Quantitative analysis of ceramide molecular species by high performance liquid chromatography.

A method was developed for quantitative analysis of molecular species of ceramide (N-acyl-sphingosine) and dihydroceramide (N-acyl sphinganine) by high performance liquid chromatography (HPLC). Various N-acyl chain-containing ceramides or dihydroceramides were semi-synthesized as standard materials and allowed to react with anthroyl cyanide, a fluorescent reagent. Anthroyl derivatives of ceramide and dihydroceramide containing C16, C18, C20, C22, and C24 saturated N-acyl chain could be completely separated to each molecular species by reversed-phase HPLC equipped with fluorescence detector, although some ceramide molecular species containing monoenoic acyl chain were eluted together with saturated dihydroceramide species. Ceramide molecular species could be quantified using N-heptadecanoyl or N-tricosanoyl sphingosine as an internal standard, and the lower detection limit was below 1 pmol.
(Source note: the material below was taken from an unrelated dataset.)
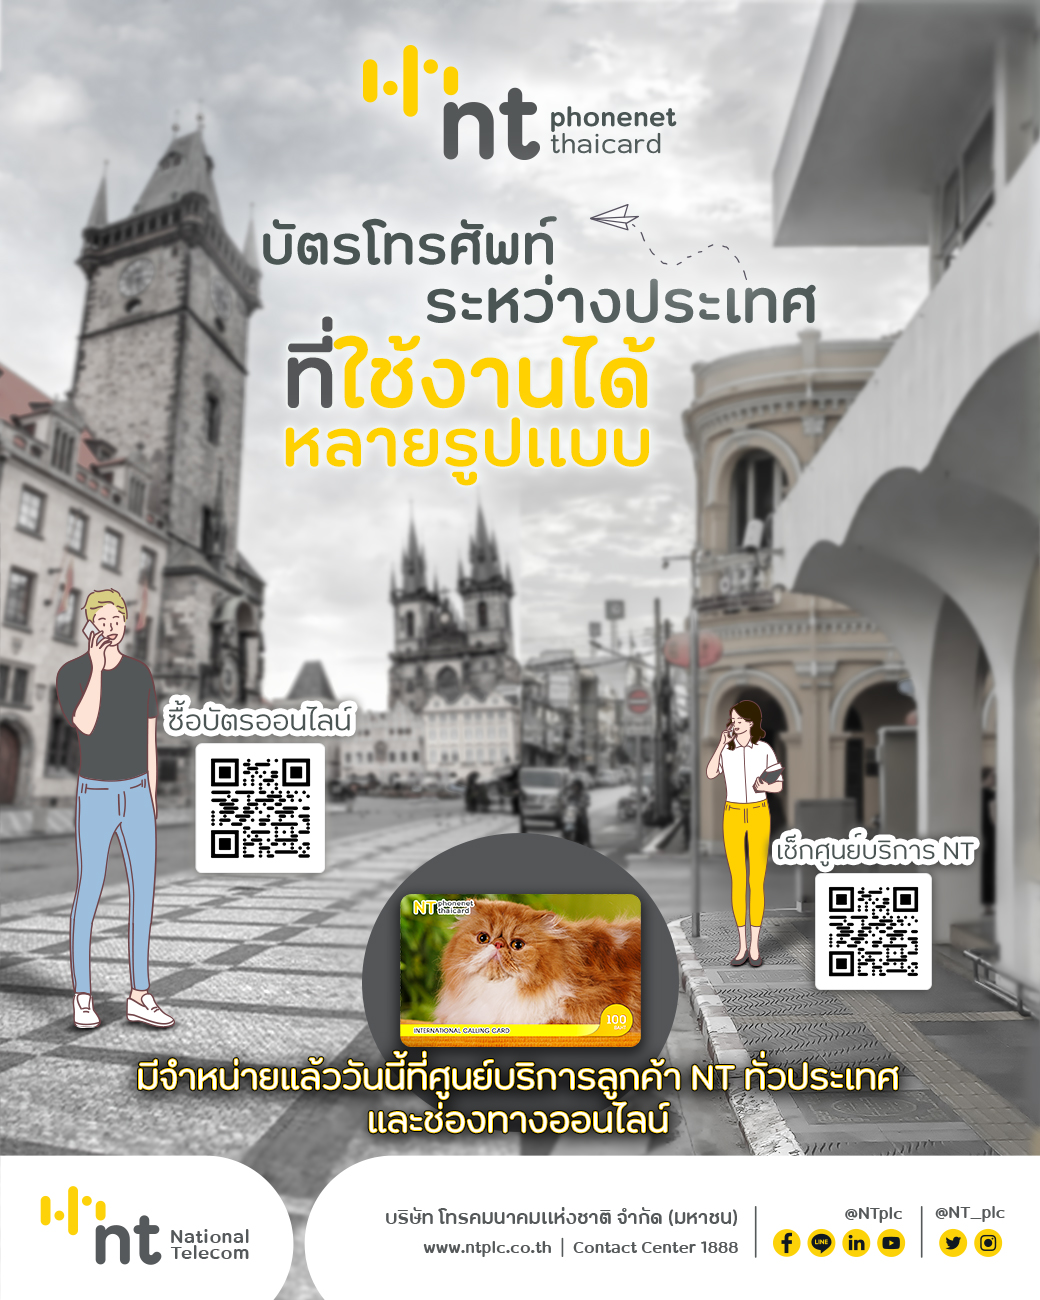 NT phonenet/thaicard มีจำหน่ายแล้ววันนี้ ที่ศูนย์บริการลูกค้า NT ทั่วประเทศ และ ช่องทางออนไลน์

This method was applied to the analysis of sphingomyelin and free ceramide in U937 cells. The analysis of the ceramide obtained by hydrolysis of sphingomyelin of U937 cells revealed that the ceramide moiety was mainly composed of N-palmitoyl sphingosine, N-nervonoyl sphingosine, and N-lignoceroyl sphingosine, representing 50.0, 27.4, and 6.7% of sphingomyelin, respectively. The total free ceramide and dihydroceramide of U937 cells was determined to be 254 +/- 5 pmol/10(6) cells. Major molecular species of the free ceramide fraction were N-lignoceroyl, N-palmitoyl, and N-nerovonoyl sphingosine, representing 27.6%, 26.6%, and 13.6% of this fraction, respectively. Different distribution of free ceramide molecular species from sphingomyelin species may suggest that selective metabolism of molecular species occurs in the synthesis or degradation of sphingomyelin. These results indicate that the picomole level of molecular species of ceramide and dihydroceramide is successfully determined by fluorescence HPLC and that this newly developed method may be useful to reveal the metabolism and function of ceramide and related compounds in cultured cells.